Notes regarding C language compatibility:

  • w = (const void *)s is relying on non-standard extensions and *w is invoking undefind behavior. This is library code so it may sometimes get compiled with specific settings such as -fno-strict-aliasing .

  • sa is actually of type ptrdiff_t , not size_t . So a cast might be required to silence compiler warnings.

  • size_t is not necessarily the largest aligned type for the implementation, it could be larger than that. I believe the most correct type to use for 32 bit and above would be uint_fast32_t . The compiler/lib should make this type 32 or 64 bits depending on what's actually fastest on the 32/64 bit CPU.

  • Library implementations like this one sometimes read word-sized chunks beyond the end of the passed string. This assuming that in case the string doesn't end on an aligned address, then harmless padding bytes will be present and accessible there. This is by no means guaranteed by the C standard (doing so is array out of bounds access UB), but perhaps by the local implementation.

It should be possible to uncrappify this code into something more readable & self-documenting, without affecting performance. And we can fix some of the above issues while we are at it. Perhaps something along the lines of (not tested/benchmarked):

#include <stdint.h>
#include <limits.h>

#define ONES ((uint_fast32_t)-1/UCHAR_MAX)
#define HIGHS (ONES * (UCHAR_MAX/2+1))
#define HASZERO(x) ((x)-ONES & ~(x) & HIGHS)

size_t strlen (const char* s)
{
  const char* begin = s;
  const char* end   = s;

  for (; (uintptr_t)end % _Alignof(uint_fast32_t); end++)
  {
    if (*end == '\0') 
    {
      return (size_t)(end - begin);
    }
  }
  
  const uint_fast32_t* word;
  for (word = (const void*)end; !HASZERO(*word); word++)
  {}
  
  for (end = (const void*)word; end != '\0'; end++)
  {}
  
  return (size_t)(end - begin);
}

Lets say you have the string "Hello world" . This string is stored as an array inside the memory of your computer, and terminated by a special "null" character ( '\\0' ).

The array will look something like this:

+-----+-----+-----+-----+-----+-----+-----+-----+-----+-----+------+
| 'H' | 'e' | 'l' | 'l' | 'o' | ' ' | 'w' | 'o' | 'l' | 'd' | '\0' |
+-----+-----+-----+-----+-----+-----+-----+-----+-----+-----+------+

When this function is called (as in strlen("Hello world") ) then s will be pointing to the first character in the array. The initialization of a will also make it point to the first character of the array.

The three loops modifies s so it will point to the terminating null-character.

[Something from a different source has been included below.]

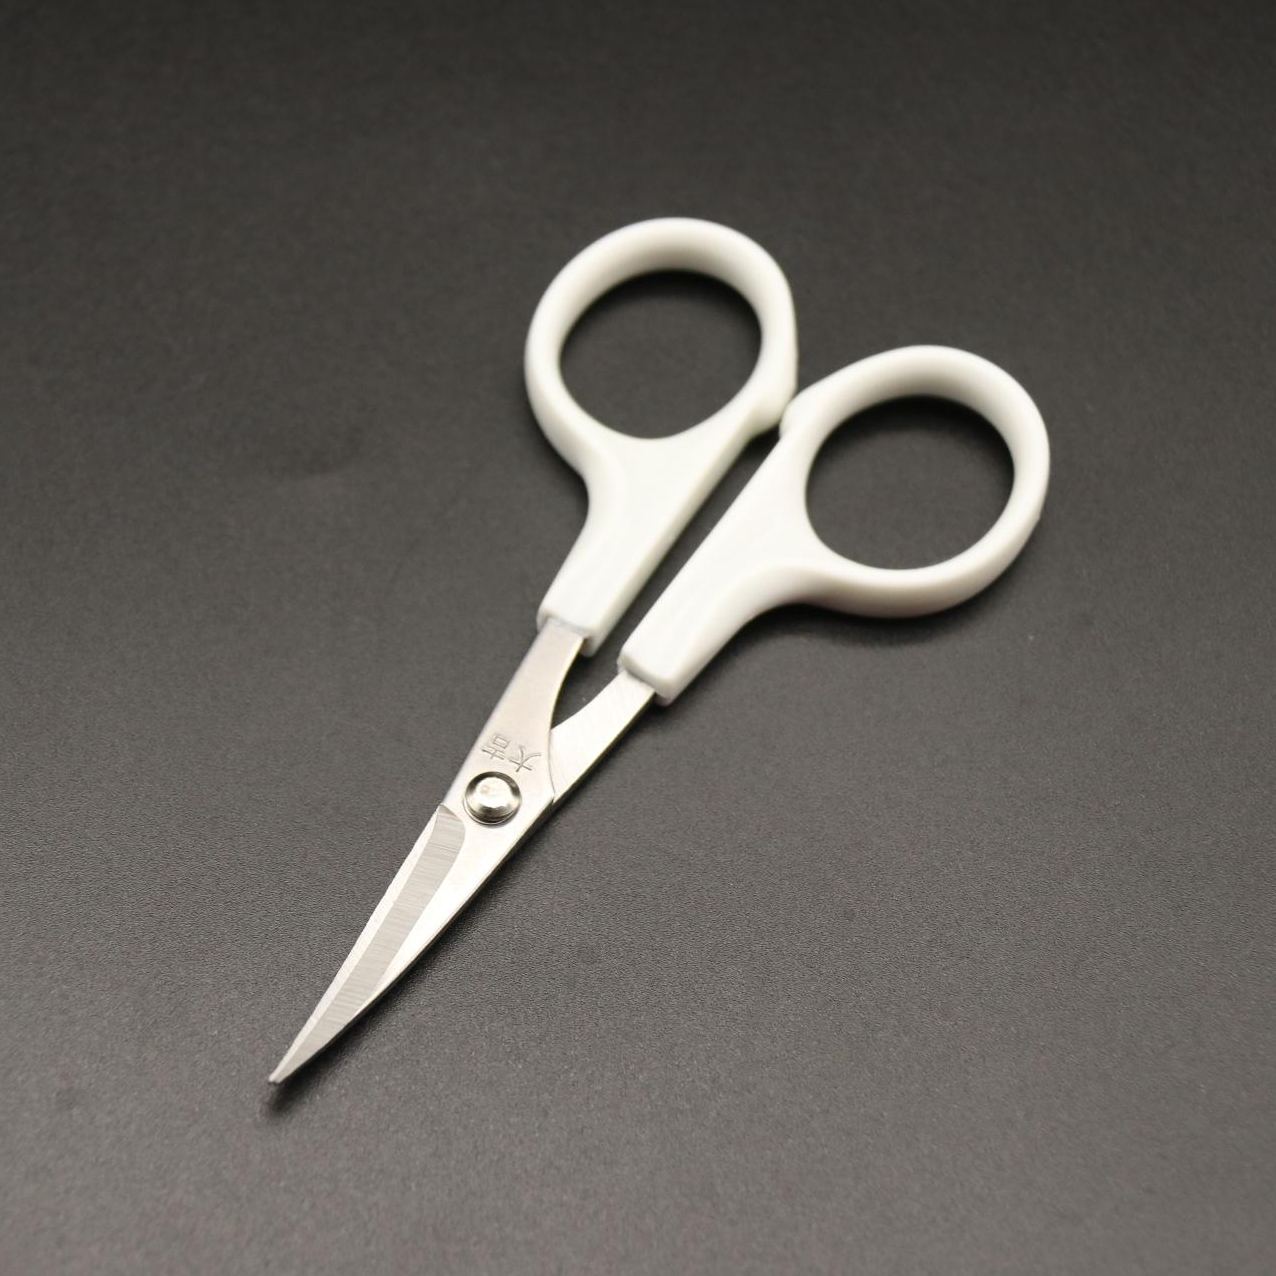 Curved Blade Embroidery Scissors Plastic For Thread Cutting
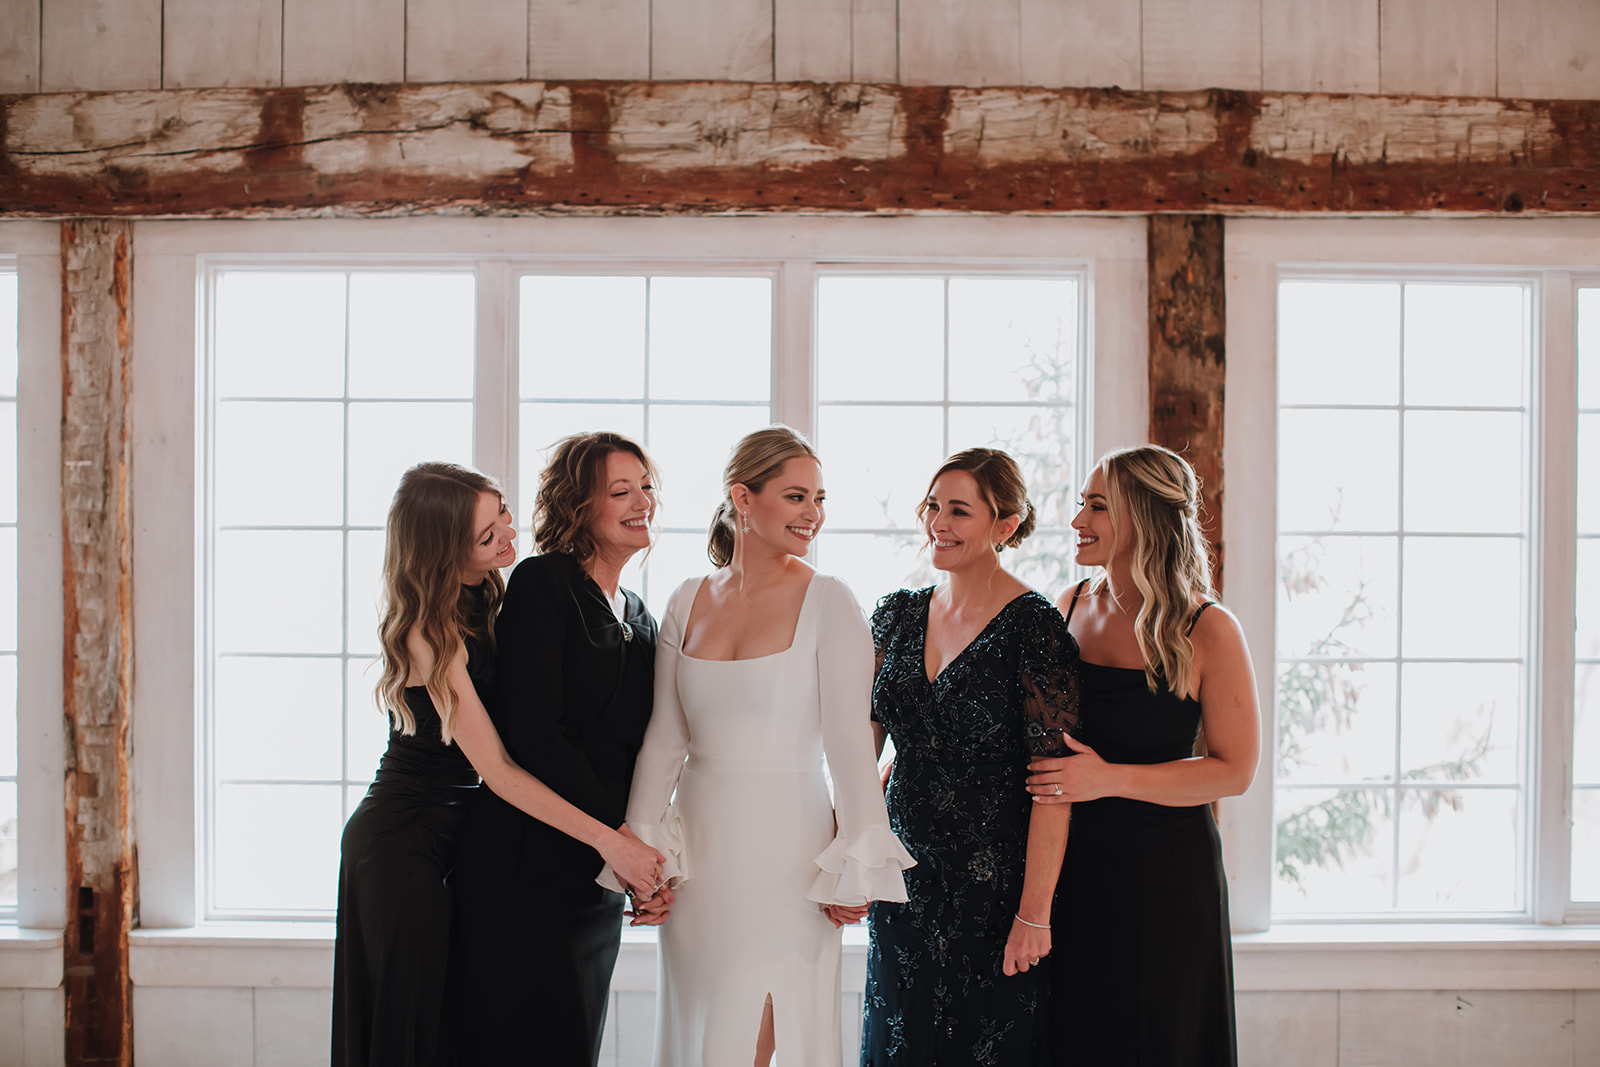 Bride and her bridesmaids posing together in the bridal suite

If we again show the array, but now with the pointers, it will be something like this:

+-----+-----+-----+-----+-----+-----+-----+-----+-----+-----+------+
| 'H' | 'e' | 'l' | 'l' | 'o' | ' ' | 'w' | 'o' | 'l' | 'd' | '\0' |
+-----+-----+-----+-----+-----+-----+-----+-----+-----+-----+------+
^                                                           ^
|                                                           |
a                                                           s

What s - a is doing is calculating the difference (in array elements ) of the two pointers s and a . This difference will be 10 which is the length of the string (null-terminator not counted).